Lie prone, bend your knees, keep your heels close to your hips, and grab your ankles with both hands. Inhale, hunch your back and lift your feet, and lift your head and chest together. Hold your breath for six seconds and look up. Exhale, slowly lower your legs, chest and head and return to the starting position. Then relax. Practice for 5 rounds.
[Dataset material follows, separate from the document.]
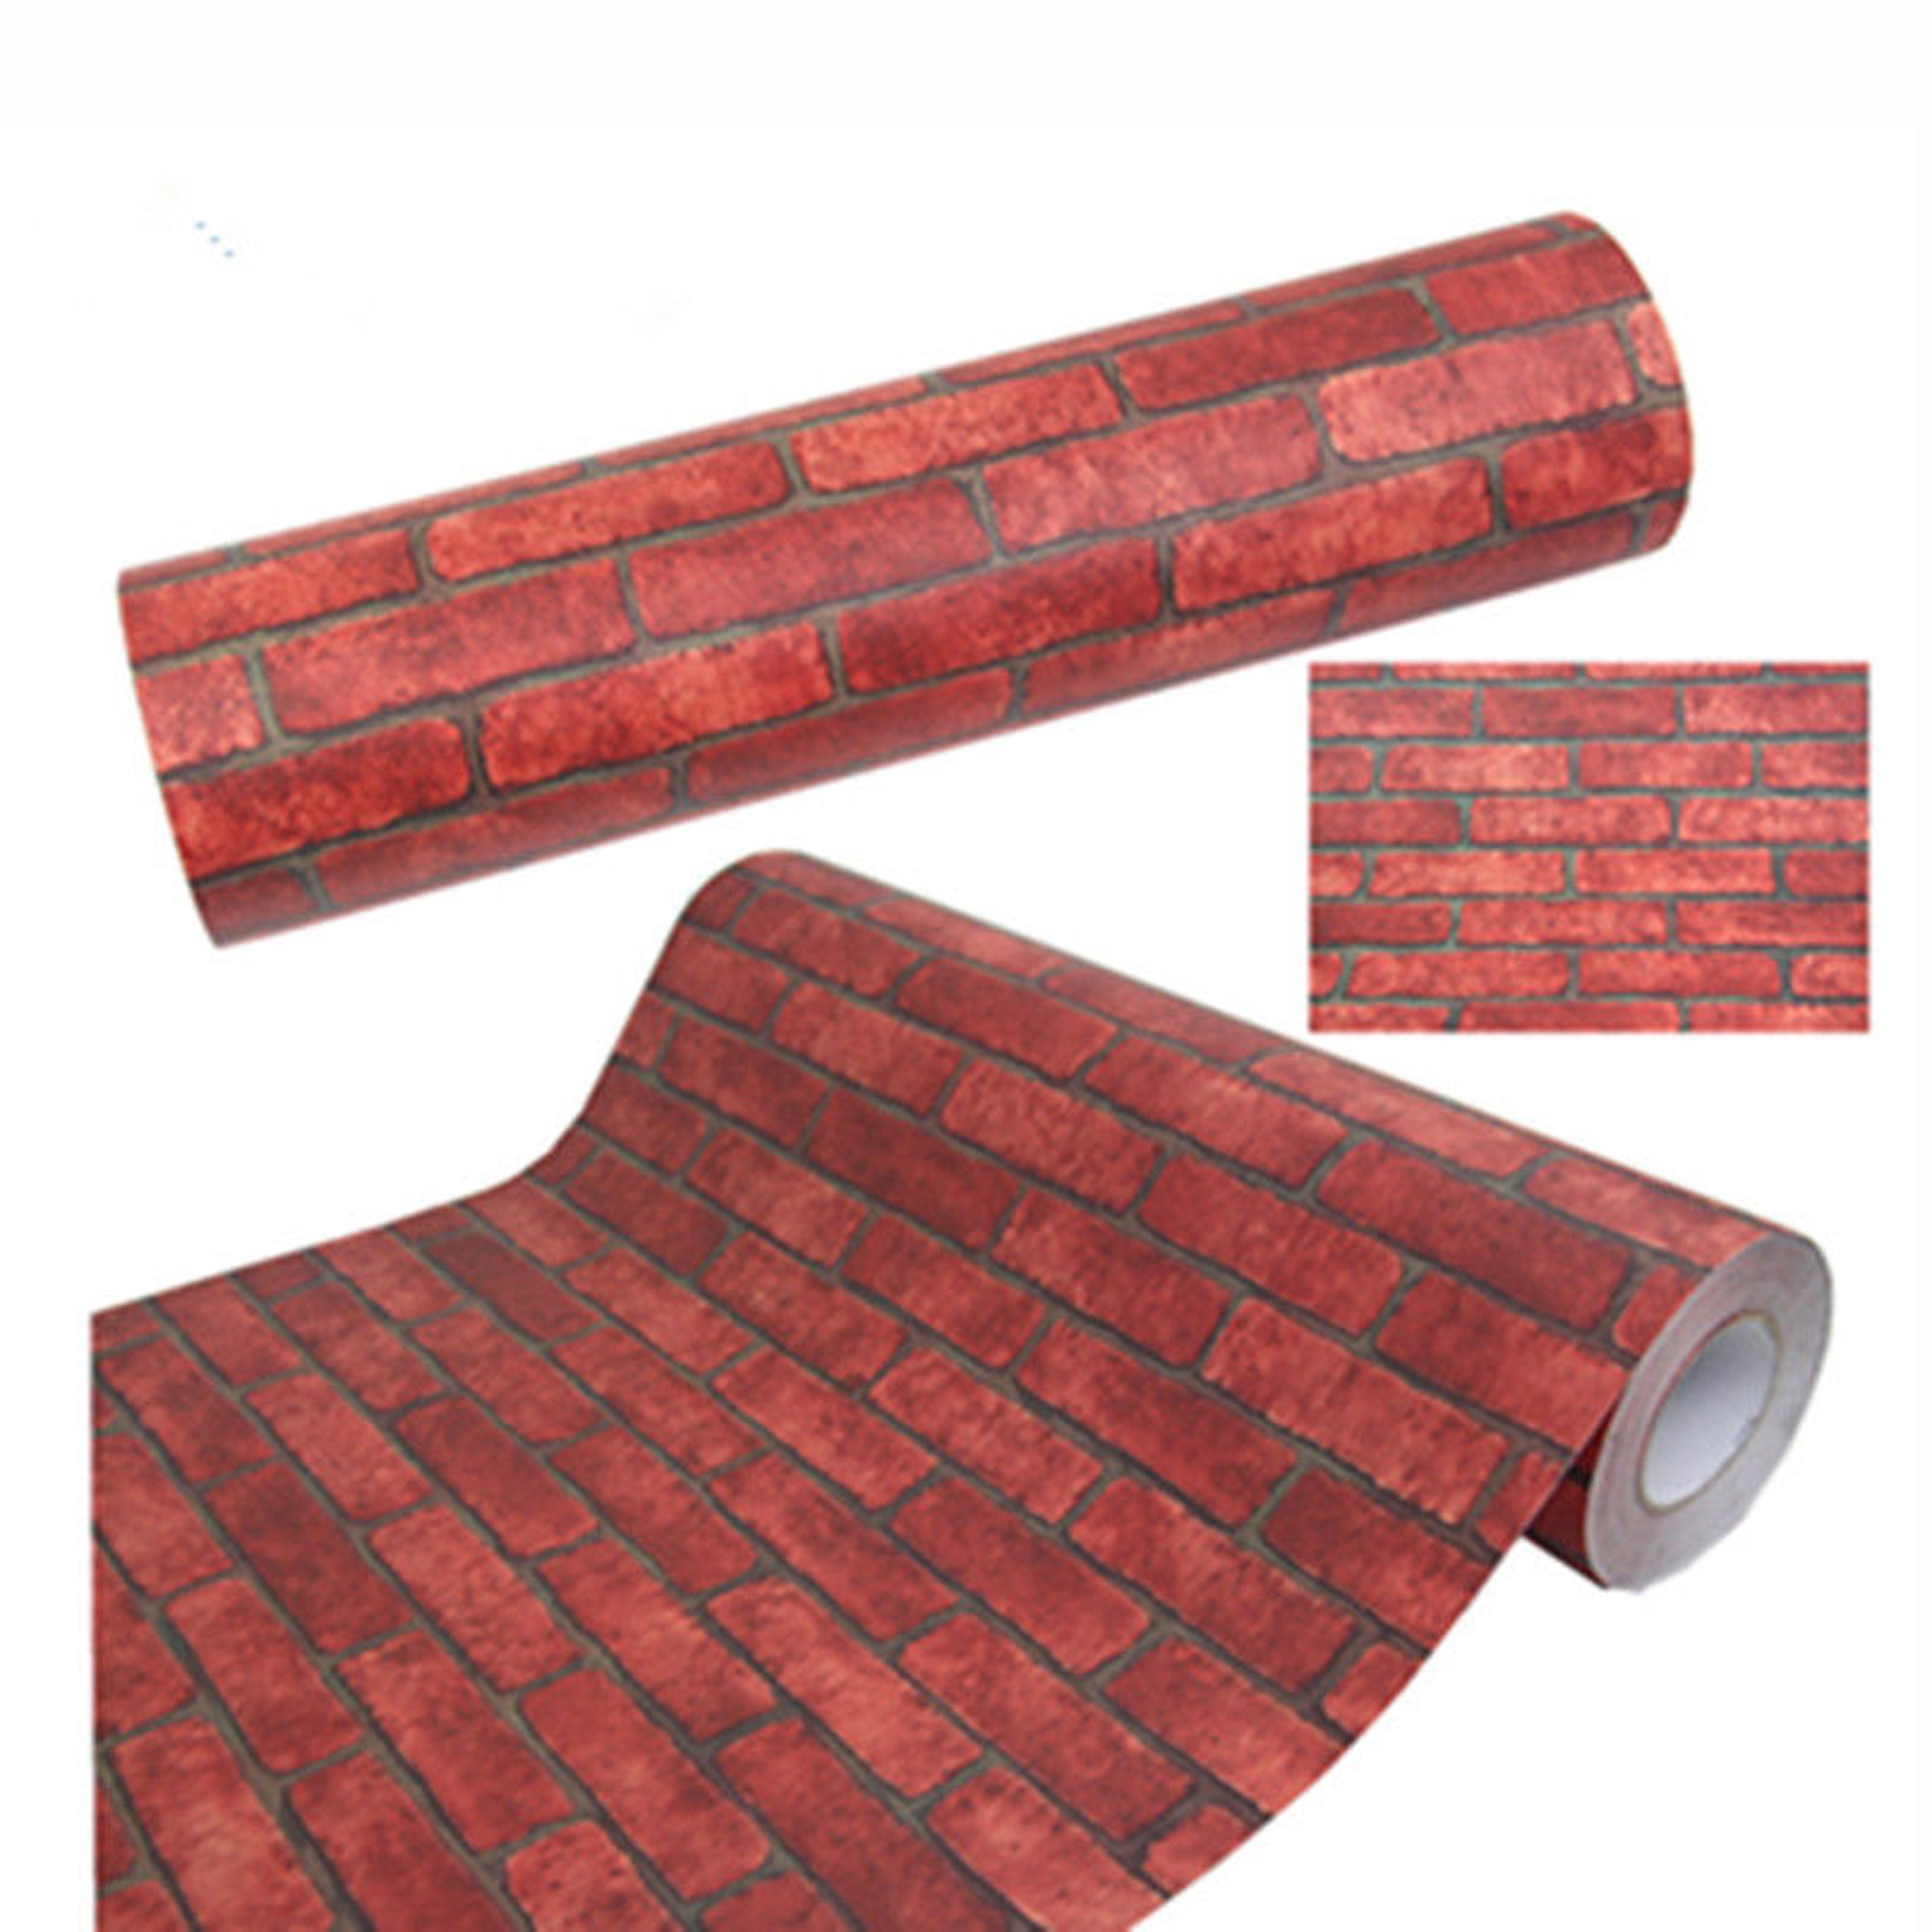 39.4''/ 196.8''/ 393.7'' 3D Brick Wallpaper, Peel and Stick Wallpaper Stone Brick Wallpaper Self Adhesive Removable Wallpaper Textured Brick Wallpaper for Background/Kitchen/Study Room - image 5 of 5

Efficacy: it is beneficial to the spine and waist joints, and the abdominal muscles and internal organs are massaged.

3, push grinding type.

Sit with your legs apart and stretch forward. Lock your fingers and imagine yourself holding the handle of the stone mill. Exhale, bend forward and lean forward. Push to the right, inhale and lean back as far as possible, push back. Exercise around the waist, ten times clockwise and ten times counterclockwise.

Efficacy: Exercise waist muscles, adjust the regularity of the whole menstrual cycle, and can also be used for postpartum recovery.

The head is upside down.

Bend your legs, sit on your legs, lean forward, and support two crankshafts on the ground to form a triangle with your body shape. Lift your hips, your thighs are perpendicular to the ground, then put your head in the triangle and put your head in your hands. Straighten your feet, point your toes to the ground, and slowly move your legs to your head until your back is perpendicular to the ground. Tighten your abdomen, push your hips back, exhale, lift your legs, bend your knees, and your thighs are parallel to the ground. Inhale, straighten your feet, extend your toes upward, and put your legs together to form a vertical line. After holding 1 min, slowly return to the initial action along the original road.

Efficacy: Exercise legs, buttocks and abdomen, and reduce fat.

5. Triangle stretching.

Straighten your legs, spread them about two shoulders wide, and lift your arms up to shoulder height. The upper body bends to the back of the right leg, the left hand is placed behind the right palm, the right arm is straight, the head looks at the fingertip of the right hand, and the left arm is in a straight line with the right shoulder. After a few seconds, return to the initial action.

Efficacy: used for obese people in the legs.